Перейти к основному содержанию
На сайті проводяться технічні роботи. Вибачте за незручності.

Справедливость — его ремесло

Более полувека защищает людей адвокат Григорий Гинзбург
22 января, 00:00
За время работы этого человека в адвокатуре Хрущев сменил Сталина, Брежнев — Хрущева, закончилась эпоха Советской империи, Украина обрела независимость. Все эти годы Григорий Гинзбург защищает людей и дает им шанс или хотя бы надежду на справедливость. Между тем адвокатом он стал чуть ли не случайно. Об этом и о состоянии судебной системы в Украине в целом и адвокатуры в частности — в интервью с заслуженным юристом Украины, членом Союза адвокатов Украины и правозащитником Григорием Гинзбургом.
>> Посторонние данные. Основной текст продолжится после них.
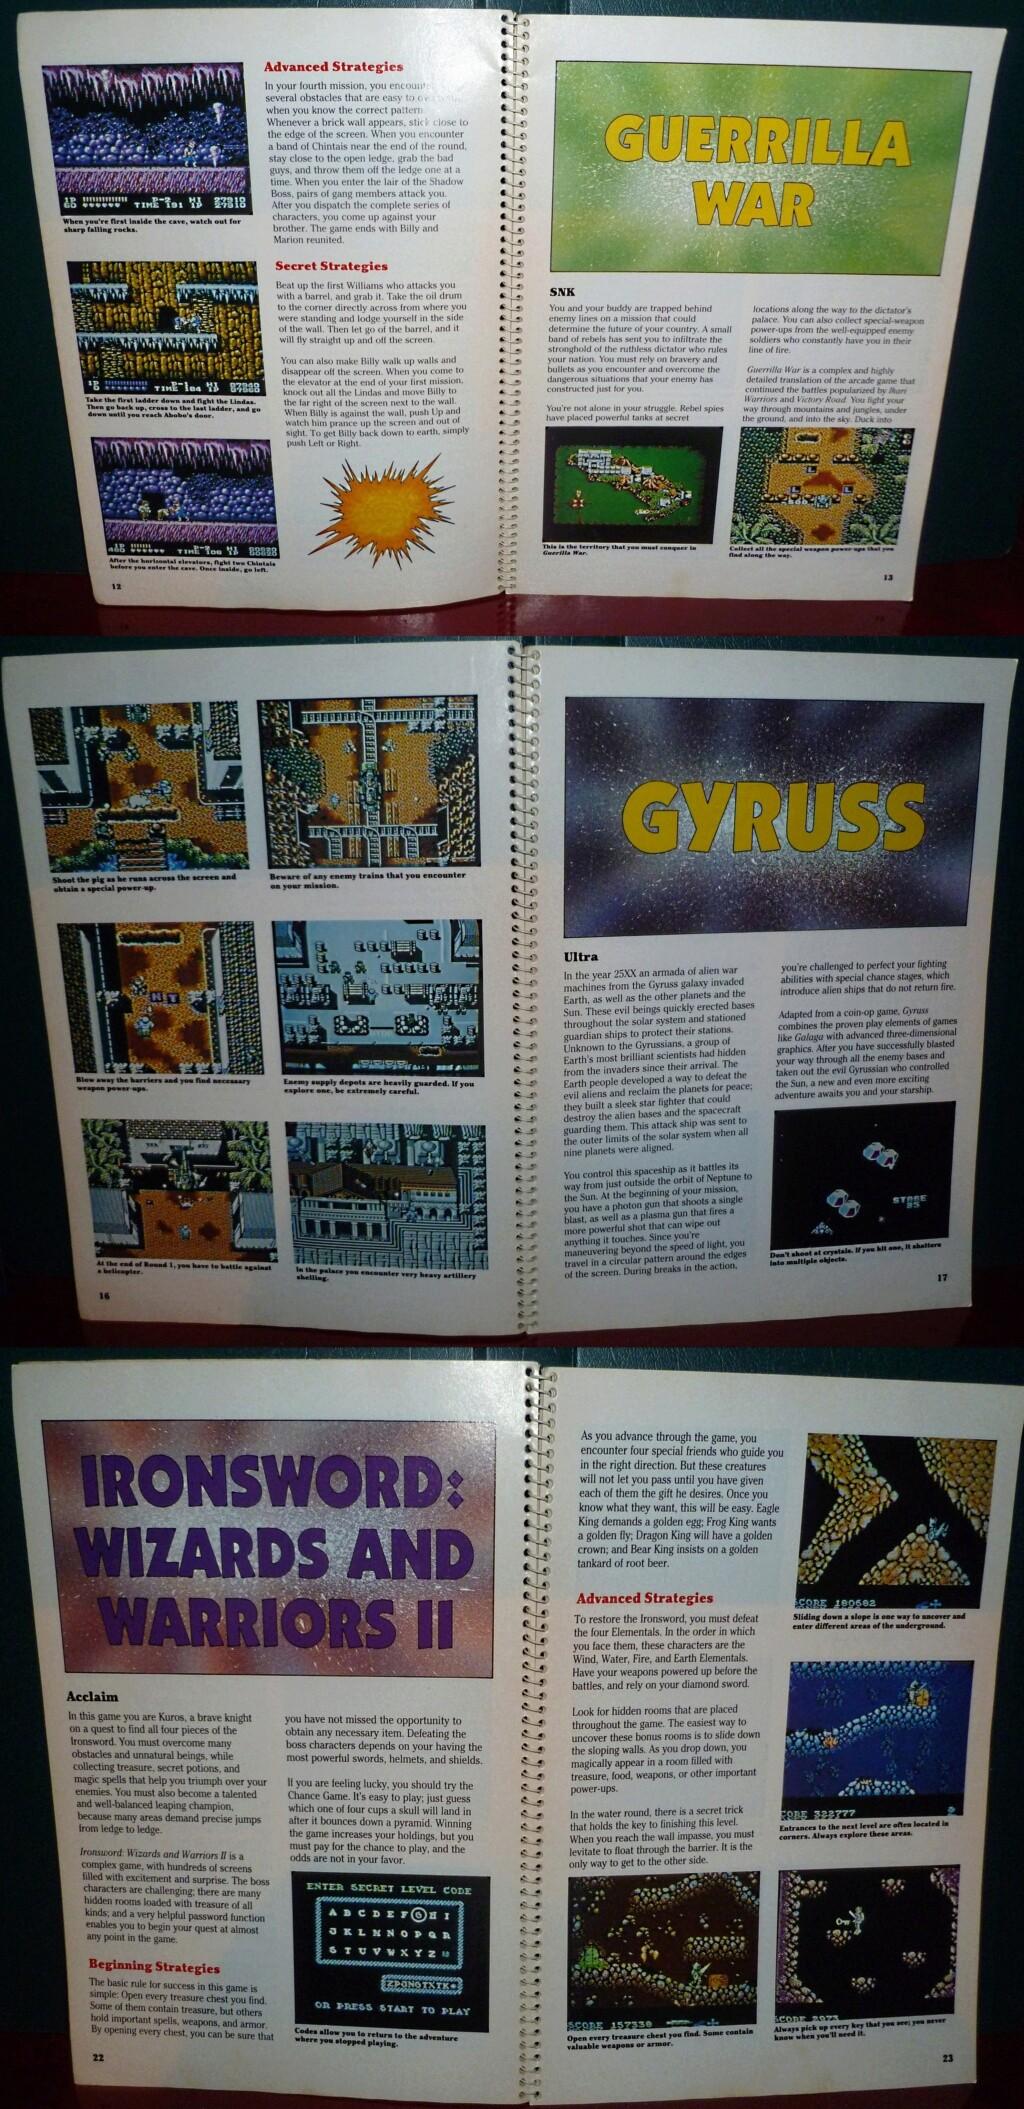 My Video Game Figures & Strategy Guides: Super Godzilla & Predator Games! Book_210

— Мой отец был адвокатом — в советское время, по окончании Киевского университета святого Владимира работал в адвокатуре. Поэтому я уже с детства имел представление об адвокатской деятельности. При этом адвокатом становиться не собирался, меня влекла другая муза — Мельпомена: в 1939 году, окончив десятилетку, я поступал в театральный институт в Москве. Сначала попробовал поступить в ГИТИС — провалился. Затем — в знаменитое ныне училище имени Щукина при Вахтанговском театре. Однако мой отец был человеком несколько консервативных взглядов, и если он еще терпел такое название, как Государственный институт театрального искусства имени Луначарского, то слово «училище» он воспринимал как нечто ужасное. Поэтому, втайне от меня, он приехал в Москву, пообщался с моим художественным руководителем. После чего тот убедил меня, что я рановато поступил в театральное училище. Я был тогда очень обижен и уехал в Киев. И тут, в 1939 году, вышел новый закон о воинской обязанности, в соответствии с которым всех лиц, получивших среднее образование и достигших 18-летнего возраста, призывали в армию. В связи с этим был объявлен дополнительный набор в вузы и я, назло отцу, который возражал против того чтобы я стал юристом, поступил на юридический факультет Киевского университета.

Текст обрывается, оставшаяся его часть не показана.